More signs inflation is easing 

As for the data the Federal Reserve is watching, "the latest inflation prints showed a further easing in price pressures, most notably at the headline level," says Phillip Colmar, partner and global strategist of MRB Partners. This, he adds, "provided some flexibility for the Fed to take a breather at today's meeting."

Indeed, this morning's producer price index (PPI), which measures what businesses are charging suppliers for goods, painted a similar picture to yesterday's consumer price index (CPI). Specifically, the Bureau of Labor Statistics said earlier that its PPI fell 0.3% month-over-month in May, while core PPI, which excludes volatile food and energy prices, was unchanged. Both figures were improvements over the increases seen in April. 

Investors shouldn't get too excited, however, considering that most of the decline in the headline PPI reading came amid a big drop in gasoline and diesel prices, says Bill Adams, chief economist for Comerica Bank.

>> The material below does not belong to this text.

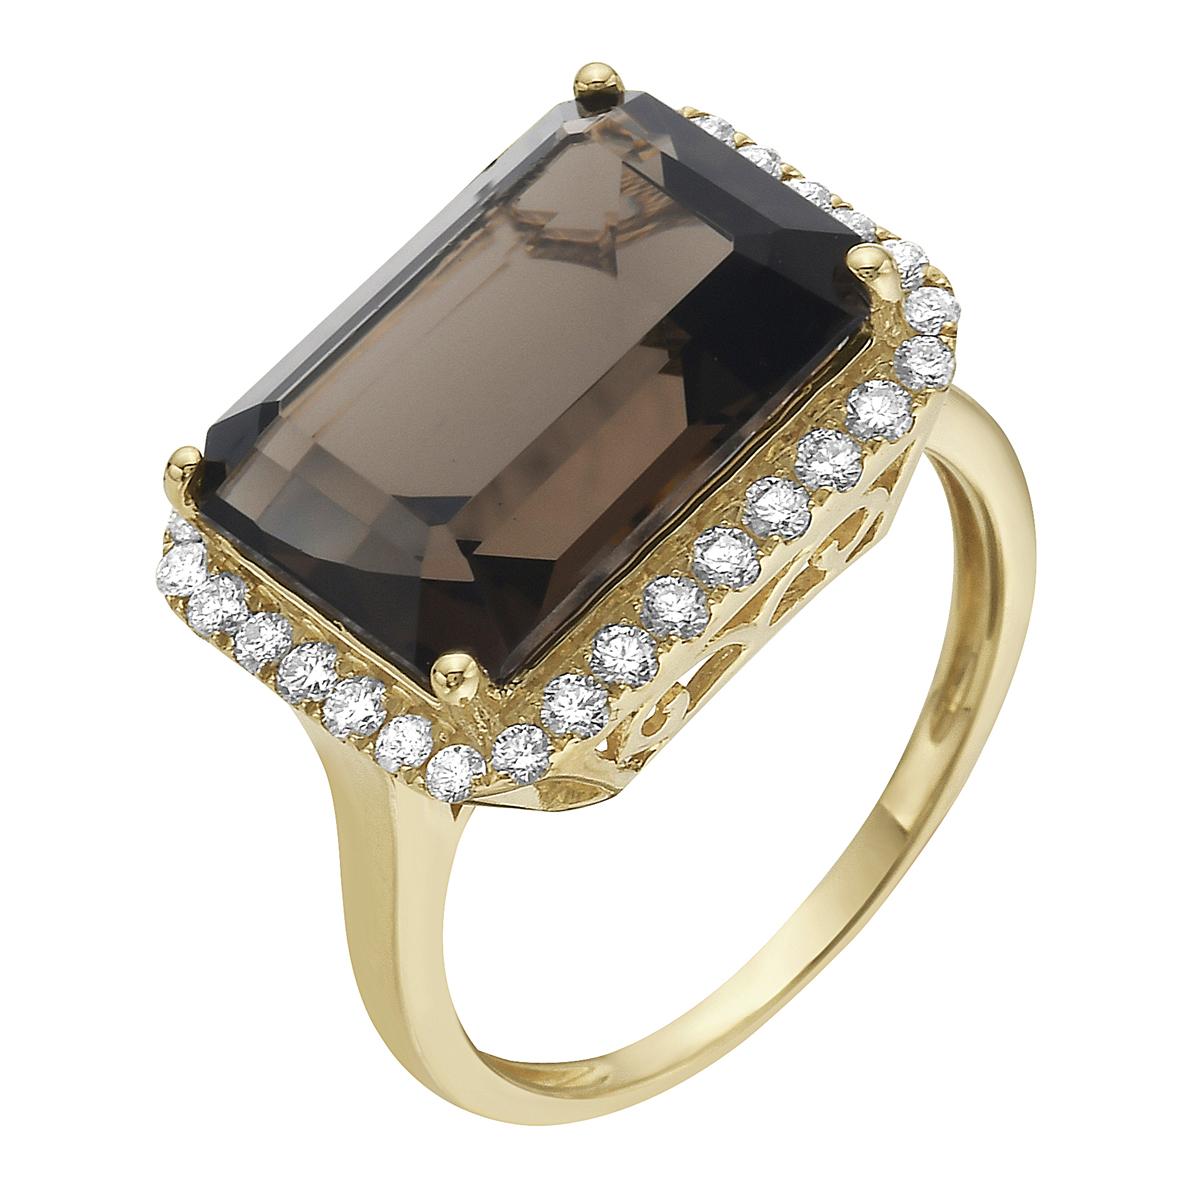 With this exquisite semi-precious smokey quartz yellow gold diamond ring, style and glamour are in the spotlight. This 14-karat emerald cut ring is made from 3.5 grams of gold, 1 smokey quartz totaling 6.61 karats, and is surrounded by 32 round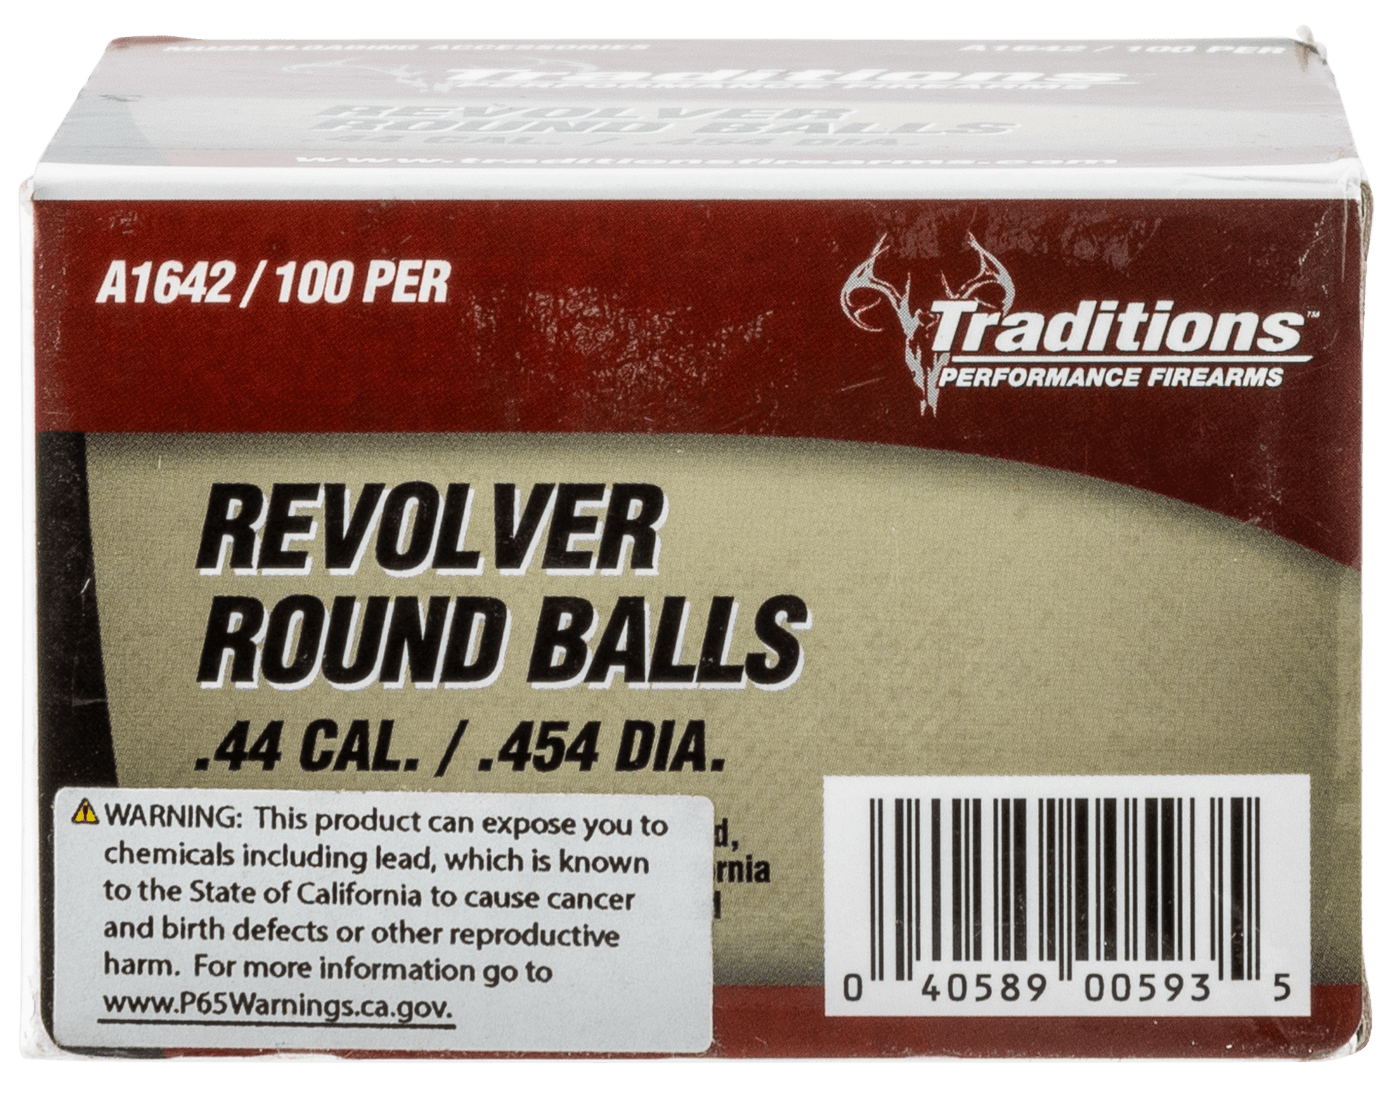 Traditions Traditions Revolver, Trad A1642    Revlvr Round Ball .454  100 Muzzleloading

Still, the fact that producer prices are indeed cooling is encouraging. "The faster inflation comes down, the earlier the Fed can take their foot off the brake, and the sooner economic growth can pick up again," Adams says.

Following today's policy statement – and Powell's expectations that July will be a "live" meeting –  interest rate traders assign a 64.5% probability of a rate hike at the next Fed meeting, up from 50% one week ago.

As for the major indexes, the Nasdaq Composite was down nearly 0.8% in the aftermath of the Fed announcement before ending with a 0.4% gain at 13,626. The S&P 500 rose 0.1% to 4,372.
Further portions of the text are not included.